His partner continued checking around the corpse. He shouldn't be touching it, but he knew that. "Marc?" Speaking quietly. "What're you doing?"

"I can't see his hands."

The dead man looked armless. But he wasn't.

"Don't touch him."

He touched him. "He's tied up. His wrists."

"What?"

His arms lay behind his back. More blood swam under him.

Marc rose from his crouch. "Tied up and shot. I think he's missing a fucking finger. This is not just a murder. It's a fucking assassination. Call it in."

Ron did so. Glad for the task, and to hear back that help was on the way.

"He must've come and gone by the back door, in and out."

"Who?
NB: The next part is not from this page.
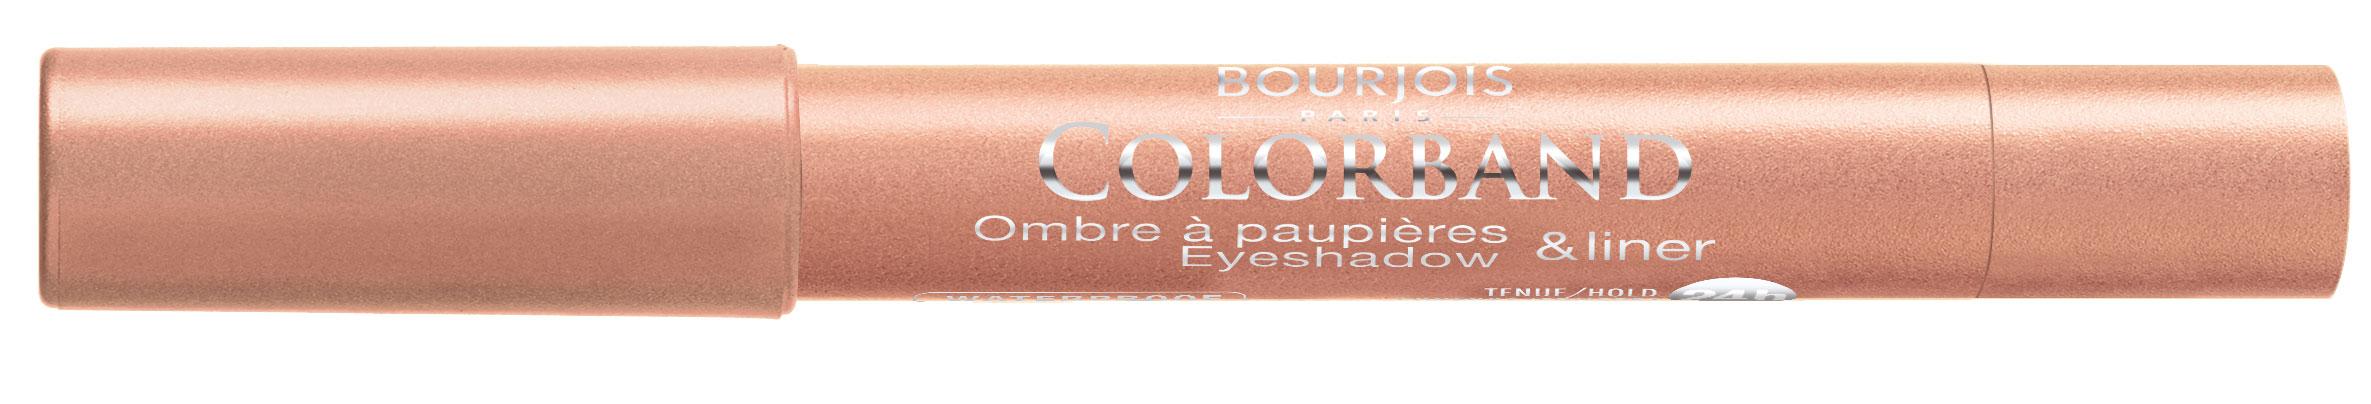 Colorband, tono 04 Rose Fauviste.

What?"

"The killer, Ron. He must've come and gone by the back way. You saw the road, the snow. No footprints. Nobody's moved. Let's check it out. Stay alert."

"Alert?"

As an answer, Marc raised his pistol, aimed at the ceiling. Ron caught on and did the same. He'd never drawn his weapon on duty before. All he'd ever pulled out on the job was a booklet of tickets to nail a speeder.

The downstairs level was a warren, a contagion of cramped rooms and closets and a bare-bones, yet charming kitchen, so it took a few seconds to find the route to the rear of the house to manage a clear view outside. They scanned the yard, the field beyond and the gently rolling hills. Not even a coyote track. A few distant fences, but nothing disturbed the beauty of the storm's overnight snowfall.

The furnace cut off, and they were returned to dead silence again.

"Check the side," Marc ordered. The rookie crossed the room and took in the view from the window there. Not so much as a snowshoe print. If Ski-Doo trails existed out there, and they probably did, they lay buried.

"Nothing," Ron reported. "The killer took off during the storm. Or before it."

"The guy's not been dead long enough." Marc was whispering. "He's warm. His blood—"

Without knowing the reason for it, the younger cop also lowered his voice to a hush. "How's that possible?"

Marc's voice was scarcely audible. "The killer's still in the house."

The rookie wanted to say, "What?" but swallowed the word. He got it. Adrenaline jumped through him even as he stood stock-still. He snapped out of it. He moved next to his partner. This time, he didn't have to be told to keep his pistol raised.

"Downstairs rooms first. One at a time."

"We don't wait for backup?" Whispering still.

"With a killer lurking around maybe? You want to sit still, wait to get shot?"

Ron was not sure. Neither choice seemed grand. The options might be equally dangerous, but he didn't think that that was the point. Weren't they supposed to wait for backup?

"Here's the thing," Marc determined. "That guy in the living room? He doesn't live alone. Somebody's life could be in danger here. Where's his wife?"

"Maybe she killed him."

"Maybe. Probably. Who else? Or—she's a victim, too. We don't know."

Photographs of her smiled up at them from the coffee table. A middle-aged, matronly sort. Not your average assassin. Not one to tie up her husband before she shot him. Ron nodded. Yes. This is why he became a cop. He was onside with this. They proceeded to the nearest room, a kind of home office, small, where he waited at the doorway as Marc went in and checked the large closet. Empty.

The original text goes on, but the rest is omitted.